━━━ The data ━━━

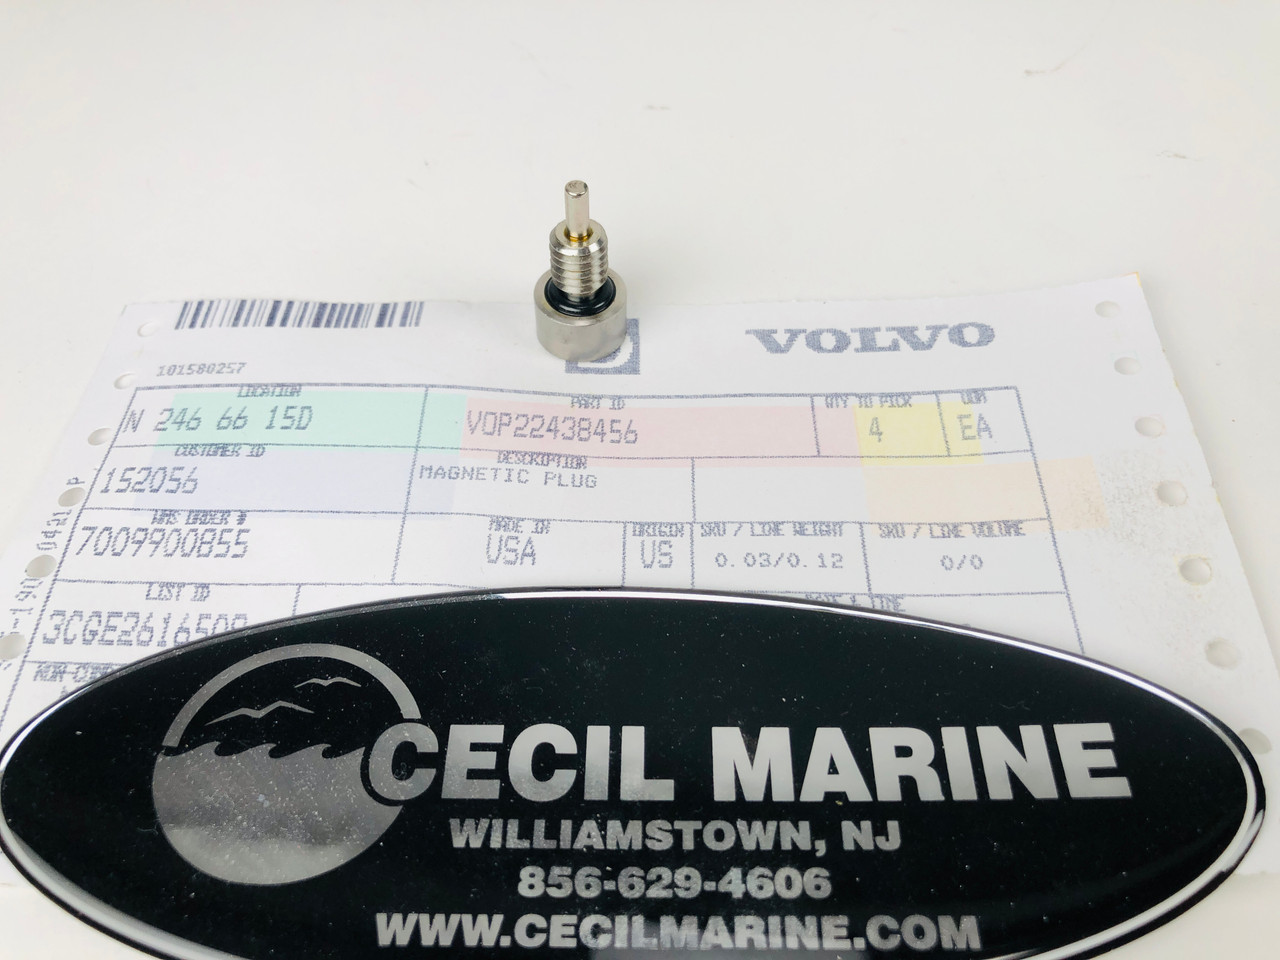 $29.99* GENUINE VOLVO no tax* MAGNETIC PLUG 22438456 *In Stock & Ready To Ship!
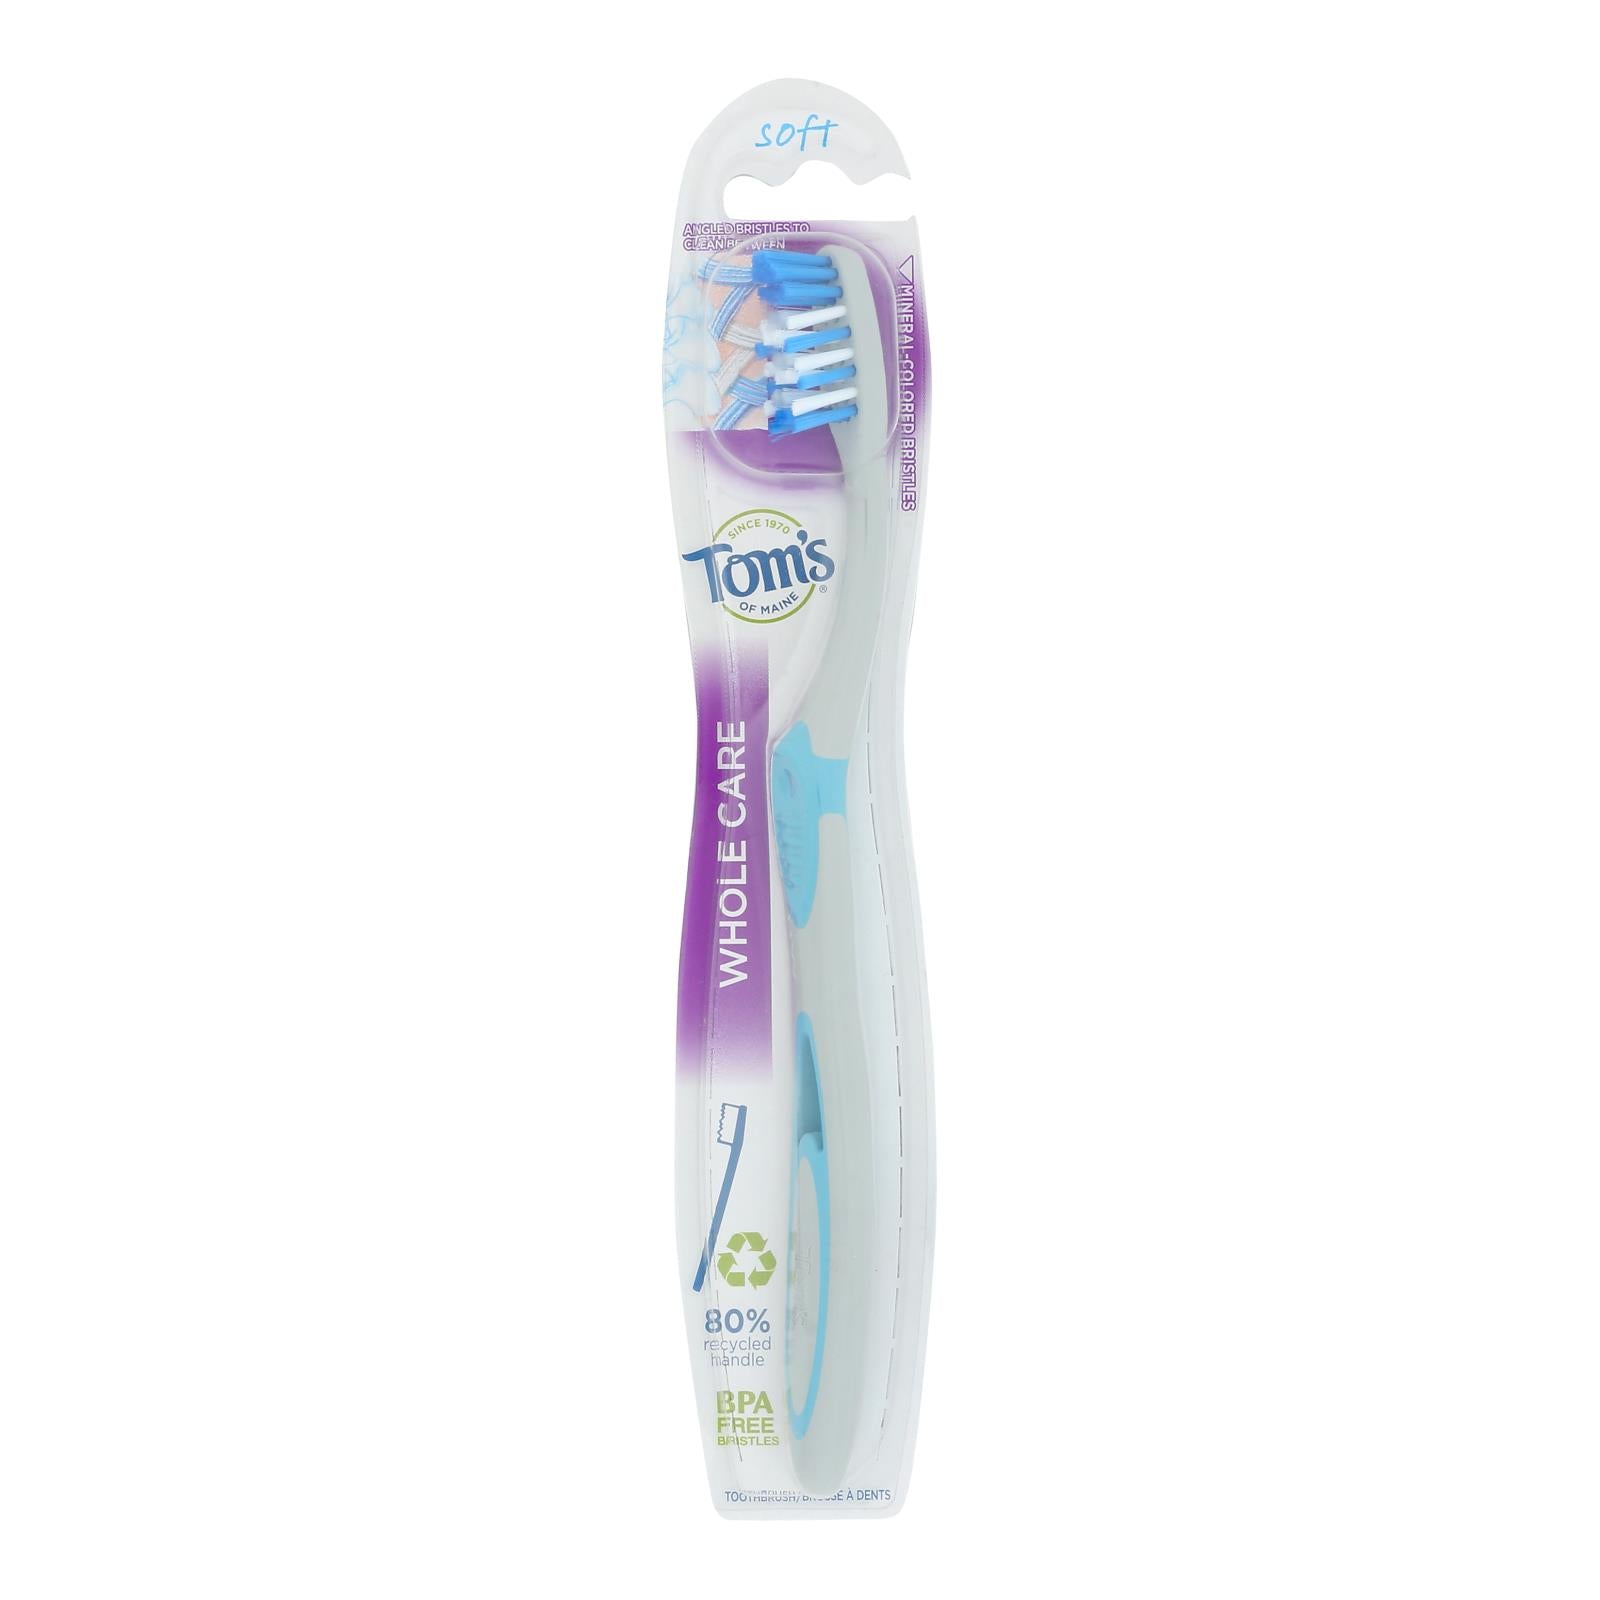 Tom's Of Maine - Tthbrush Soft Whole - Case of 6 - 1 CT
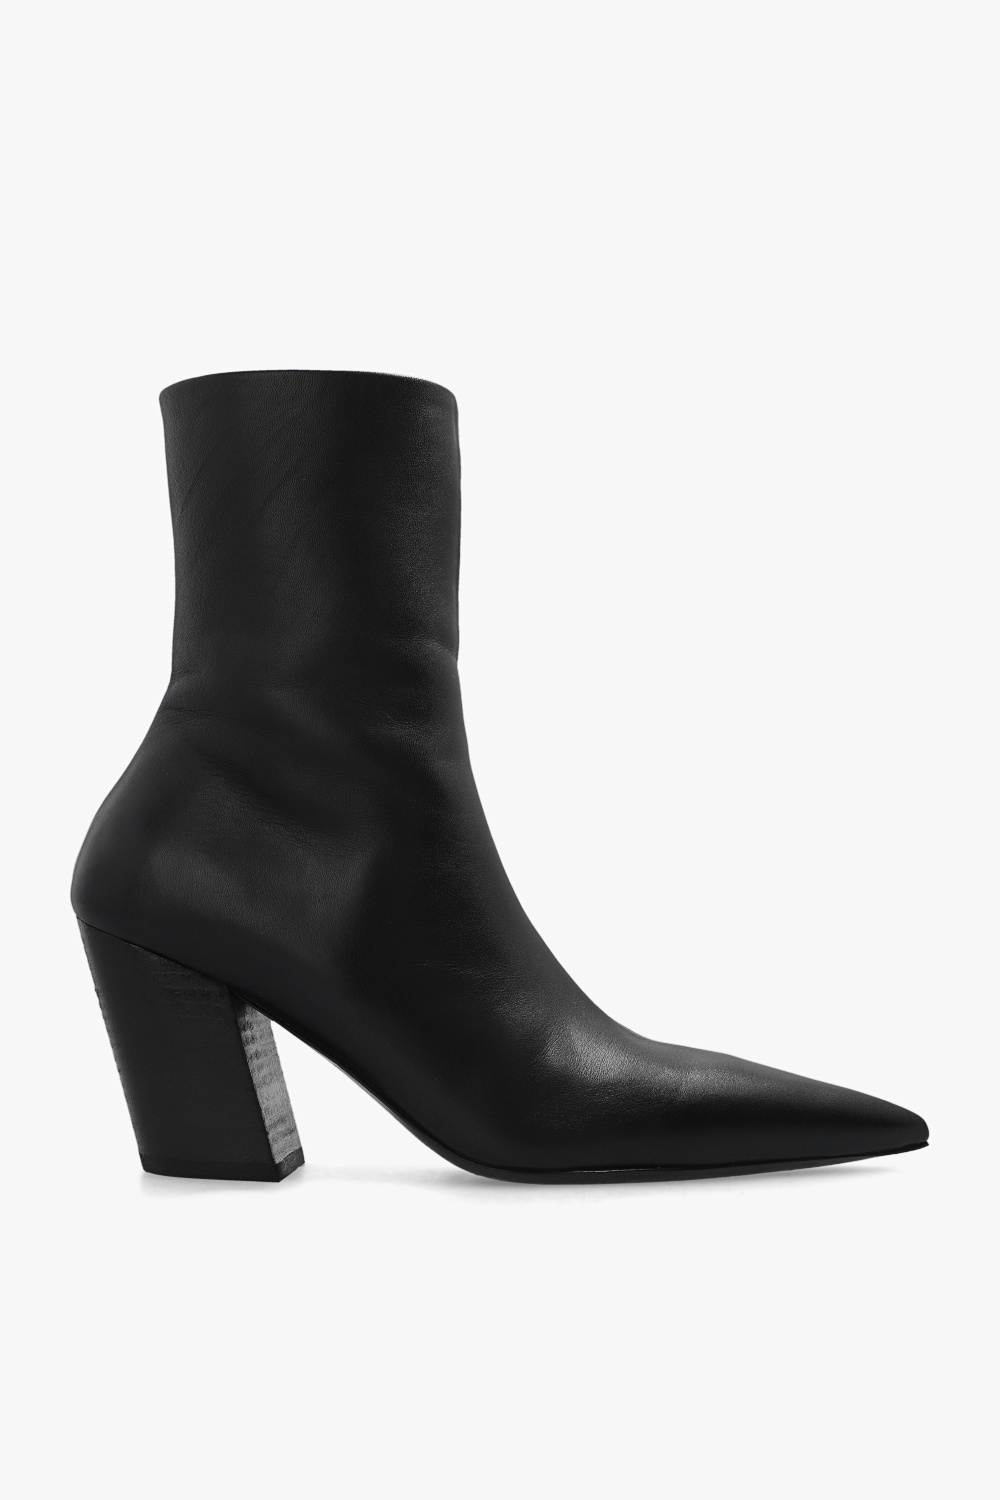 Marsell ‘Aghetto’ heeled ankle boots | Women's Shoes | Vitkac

━━━

Assigned task: Copy out all the data without changing anything, and drop the pictures.

Output of the task:
 $29.99* GENUINE VOLVO no tax* MAGNETIC PLUG 22438456 *In Stock & Ready To Ship!
 Tom's Of Maine - Tthbrush Soft Whole - Case of 6 - 1 CT
 Marsell ‘Aghetto’ heeled ankle boots | Women's Shoes | Vitkac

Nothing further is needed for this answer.